Your goal:
Take the material below and reproduce, word for word, only the lines from the line with "Three (3) Waterford Crystal Tableware" through the line with "Túi xách Chanel".

───── Records for this task

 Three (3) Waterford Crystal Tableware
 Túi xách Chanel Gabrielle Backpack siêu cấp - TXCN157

──────────
───── Records for this task

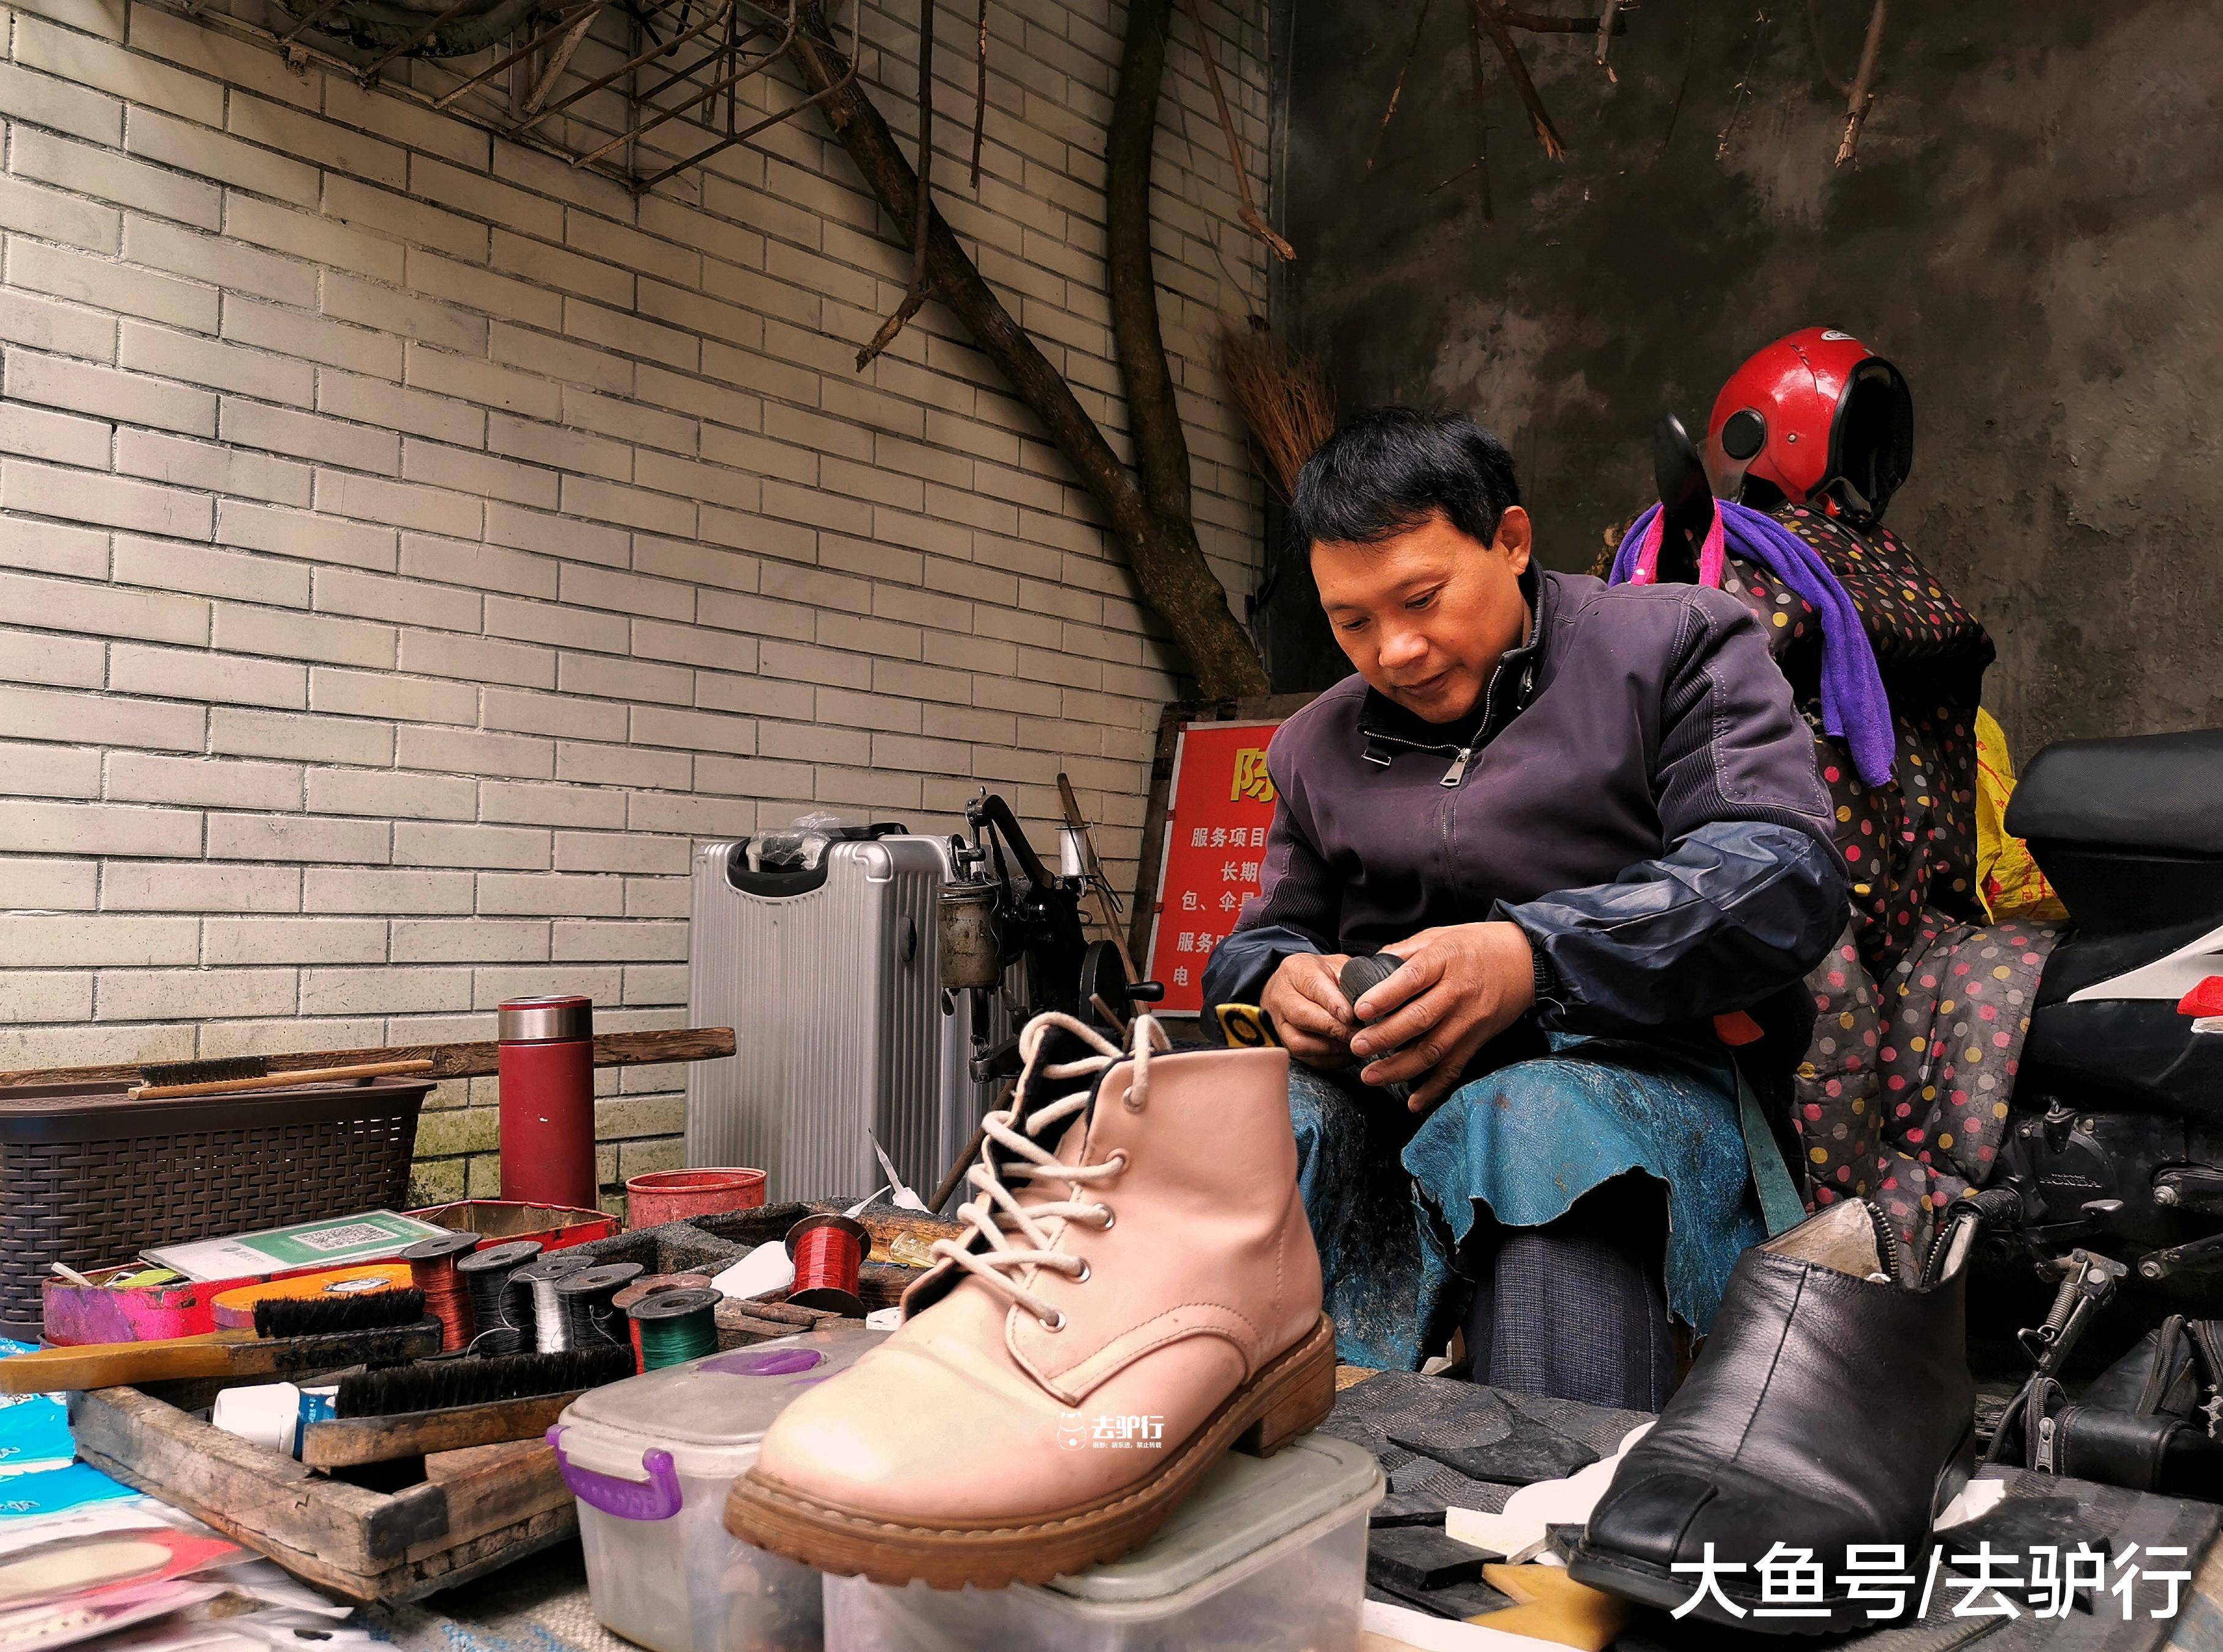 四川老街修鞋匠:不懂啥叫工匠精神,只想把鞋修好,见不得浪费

──────────

Solved problem:
 Three (3) Waterford Crystal Tableware
 Túi xách Chanel Gabrielle Backpack siêu cấp - TXCN157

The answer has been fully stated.